In codesta creazione di valori nuovi e liquidazione dei vecchi, l’interesse della critica si trova spostato profondamente: non c’è più differenza di cose belle o brutte, degne o indegne; ma in un certo senso tutto può essere materia egualmente importante di analisi e di ricostruzione; ogni cosa è parte di un mondo ideale, anzi un mondo essa, che il critico deve rivivere nella sua complessità. Che è infinita: poichè non c’è cosa tanto meschina, in cui tutto il problema dell’universo non si possa riassumere.

In altre parole, quel che importa non è l’argomento, ma il lavoro del critico, a cui l’opera, è appena un pretesto. Possiamo aggiungere che la coscienza di questa posizione superiore e privilegiata si fa sentir bene nel tono della nostra critica: essa porta nel suo seno, non già le quisquilie grammaticali o paleografiche dei vecchi pedanti, ma le possibilità quasi di una seconda creazione di tutte le cose del mondo; ed è naturale che le porti con molta dignità.
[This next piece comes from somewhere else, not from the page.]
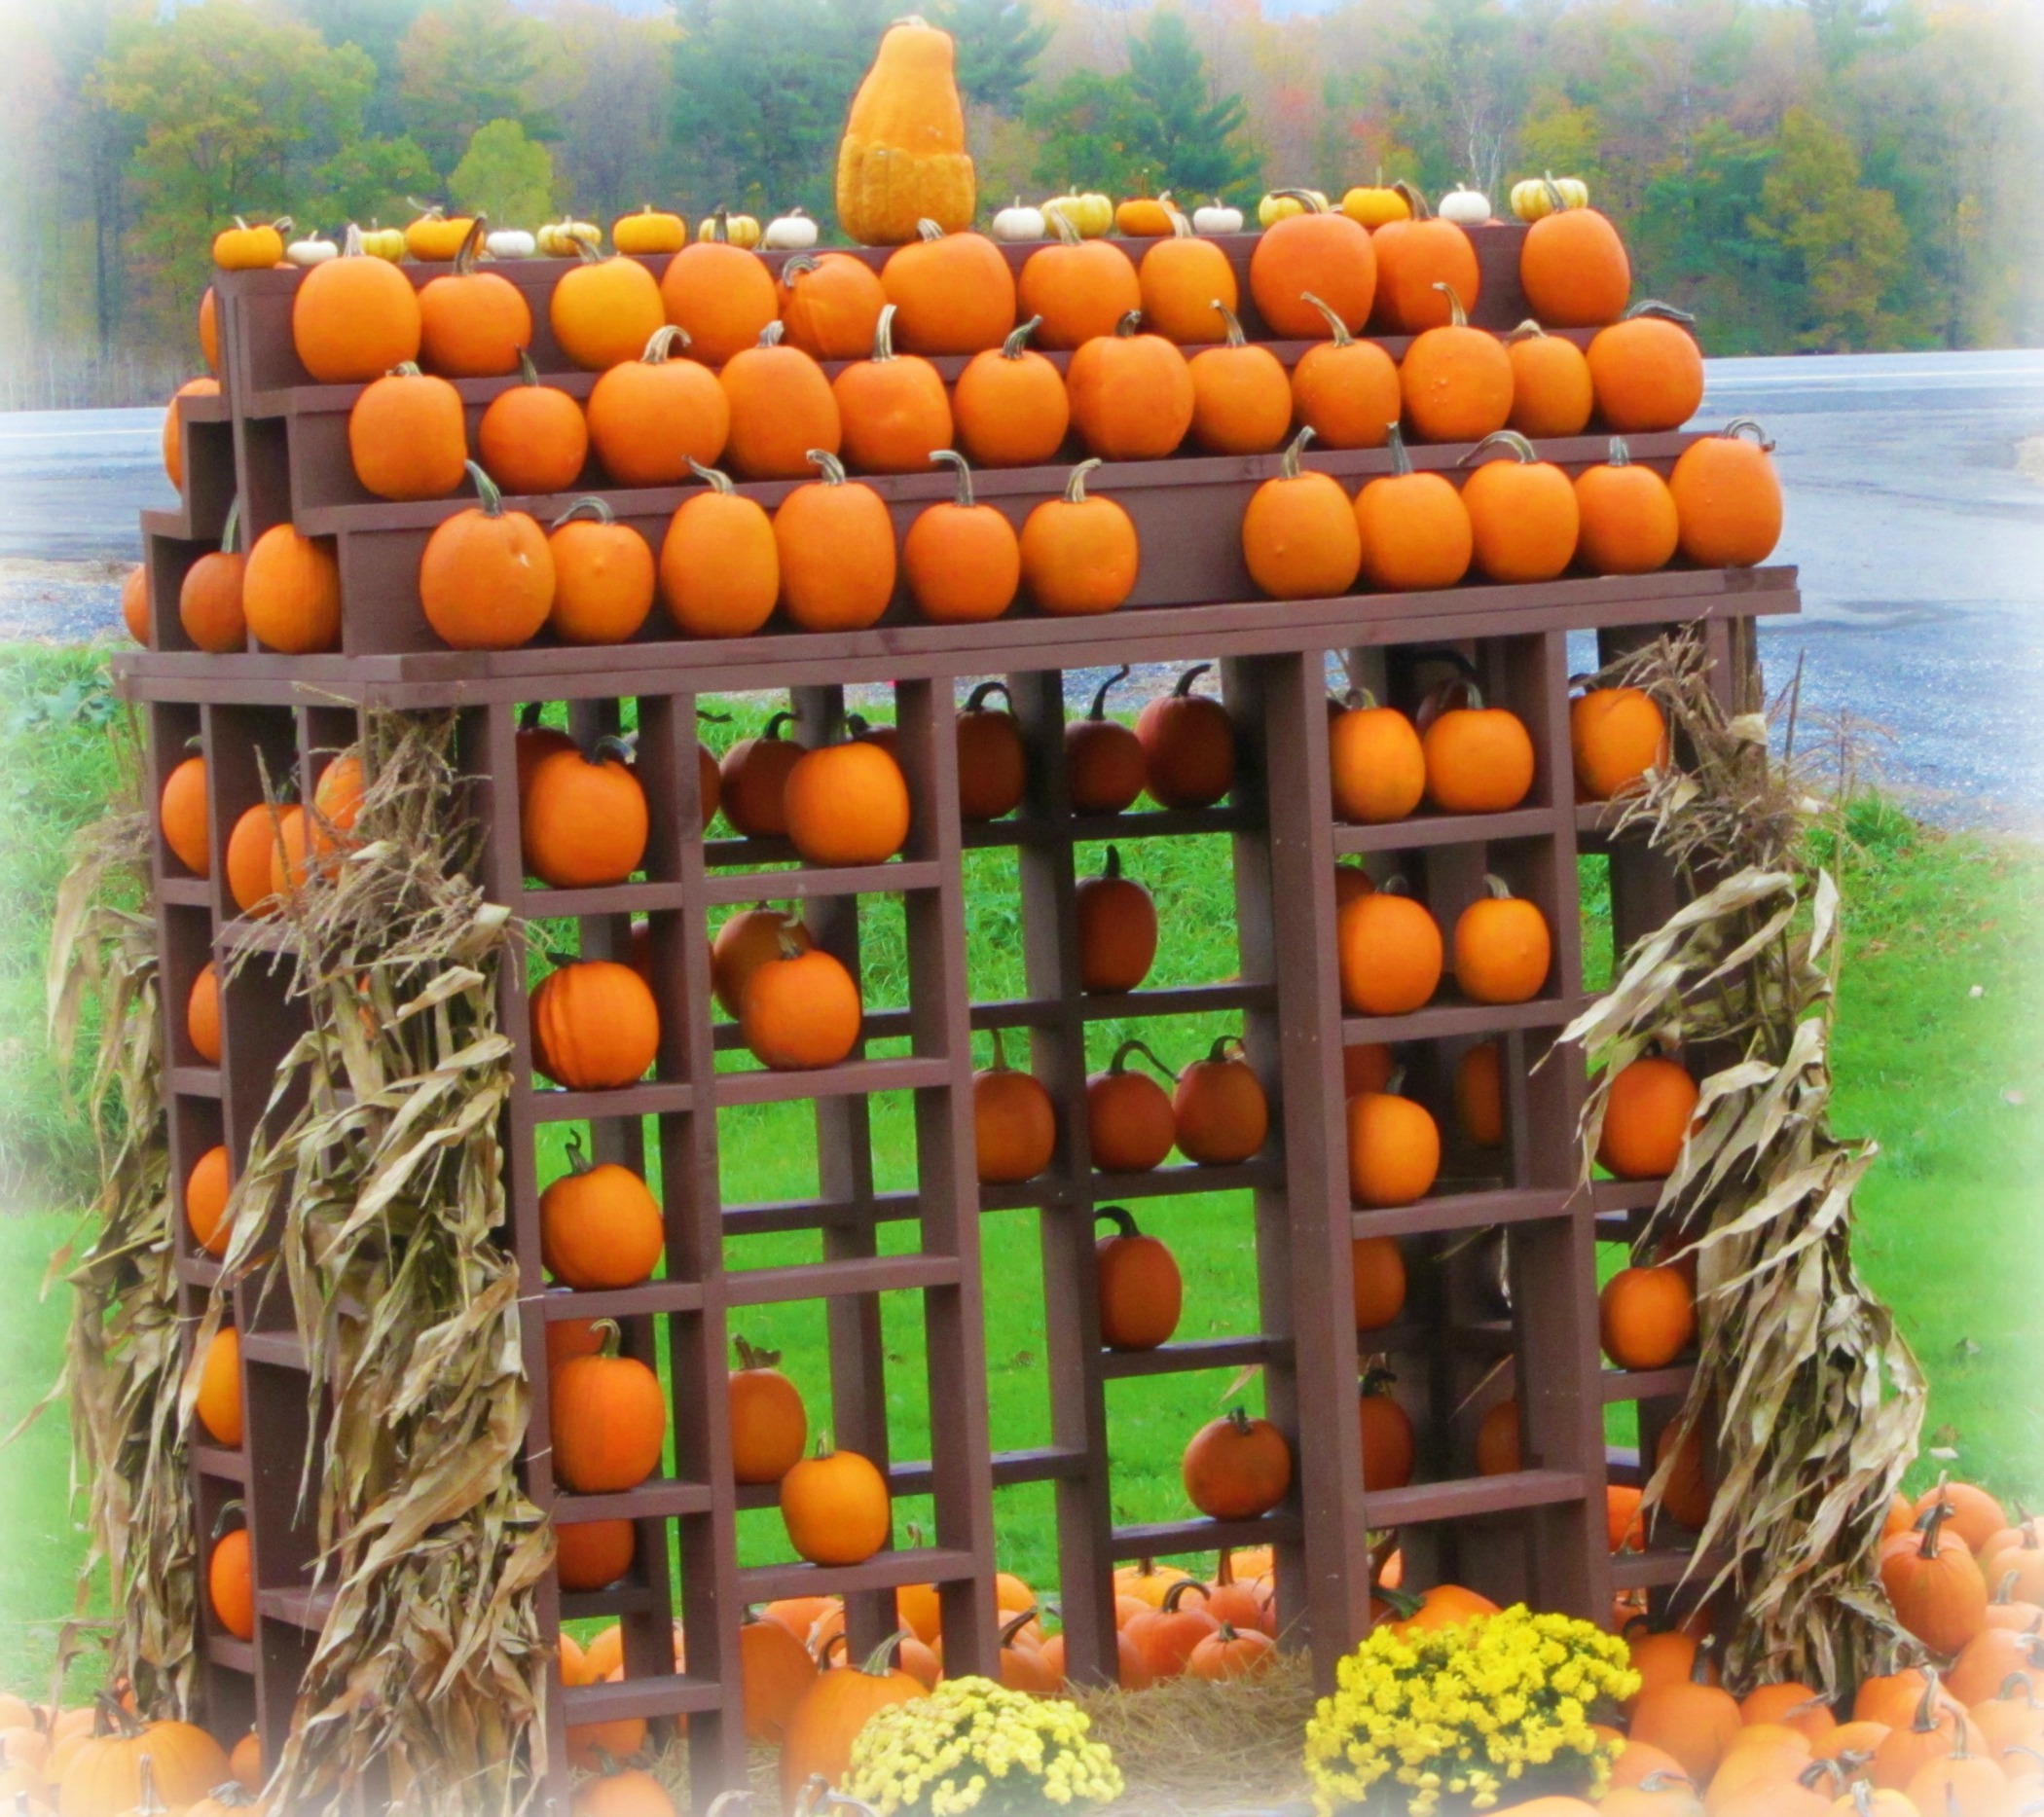 Pumpkin Patch (user submitted)

Così la critica adempie la sua funzione vera e propria; di affrontare le cose come problemi, che possono e devono essere risolti nella loro essenza, assolutamente.

Tutto ciò può parere un po’ astratto, ma per necessità. Sarebbe difficile indicare qualità letterariamente più precise.

Anche quello che si potrebbe credere carattere e colore dominante della nostra critica, la derivazione da Croce, non ha niente che non sia generico e vago, quasi diremmo trasformato.